Begin with an example: "I have a great idea for a TV show!" Write the name and type of the show on the blackboard, and briefly describe it to the class. My example was a sitcom called "Tom in China", all about an Australian who comes to China to teach English. The humour comes from Tom's difficulties with language, culture, etc.
Tell the students that you want them all to think of an idea for a TV show, and write the details on the sheet (hold it up for them to see). Tell them to be quick.
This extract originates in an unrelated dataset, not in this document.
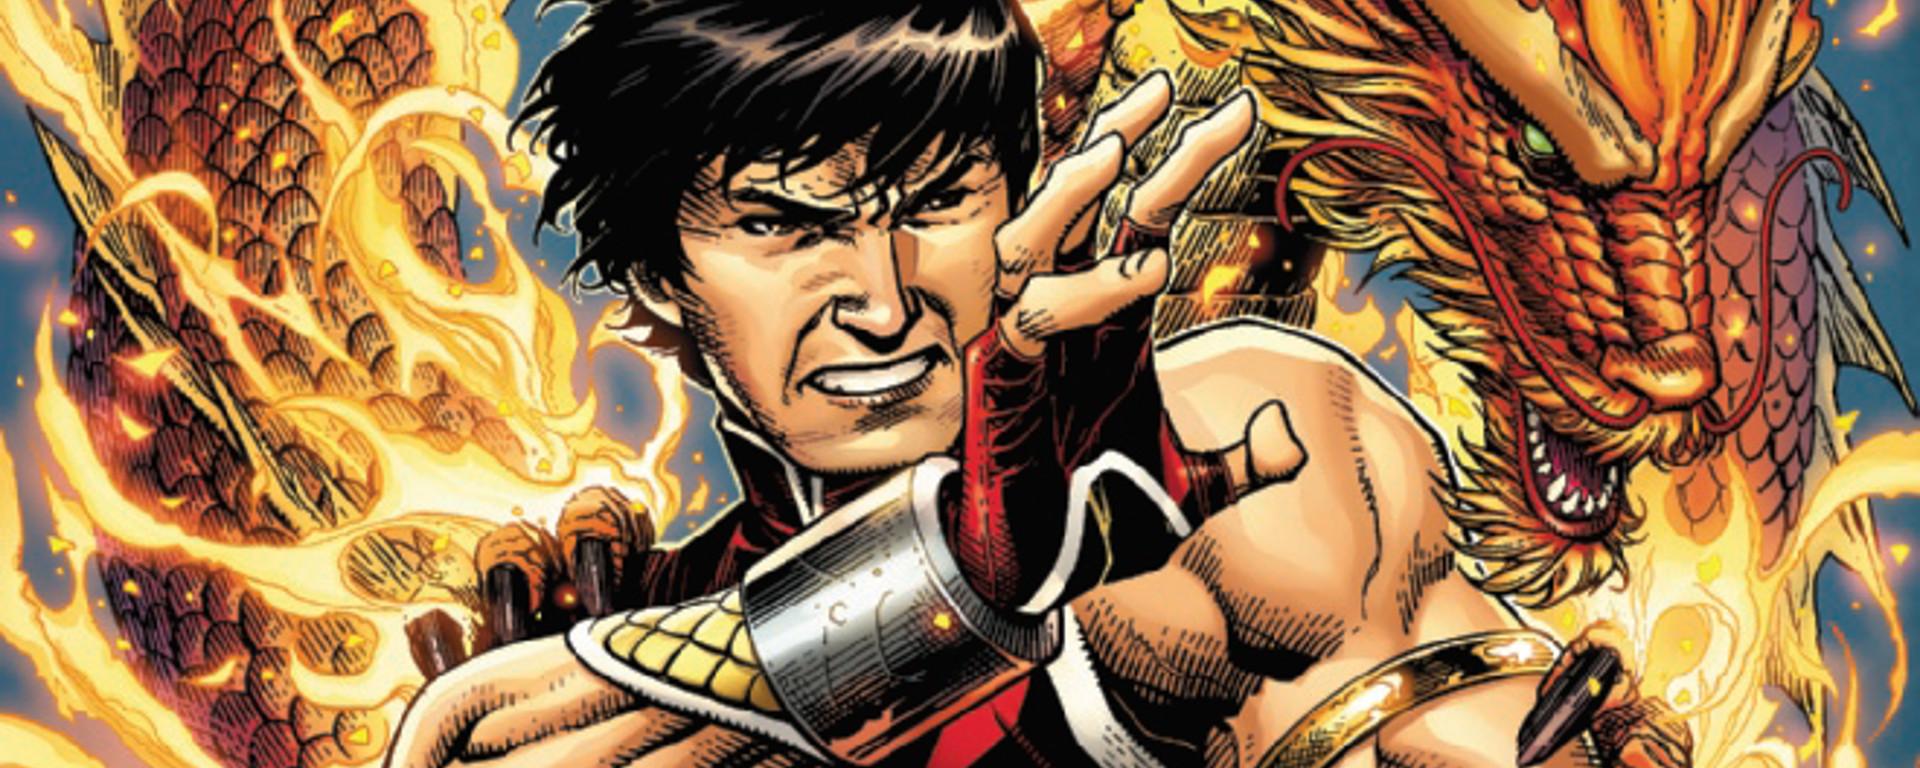 Shang-Chi #1 Header

Hand out the sheets.
Once most students have finished filling in the sheet, instruct them to form groups of four, take turns describing their TV show, and finally choose which idea is the best.
Conclude the activity with some feedback, such as asking people which of the TV shows that they heard about sounded the most interesting (note that unlike simply asking people what their show was about, this question requires that they actually listened to their group members!).
This activity requires vocabulary for describing types of TV show (sitcom, soap opera, etc), and is most suited to a lesson on the theme of "television" after this vocabulary has been introduced.
This activity could also be run as a mingle, where students walk around the class and explain their TV show idea to several other people.
This may not be a very exciting activity, but television is a topic that most students can relate to easily and generally they can come up with an idea for a TV show without much trouble. As described in the introduction, this kind of "write first, discuss second" task has certain advantages, but it also runs the risk that students will spend too much time on the first stage, checking dictionaries and writing sentence after sentence. They should be discouraged from doing this, and luckily in the case of this activity I found that this problem did not emerge.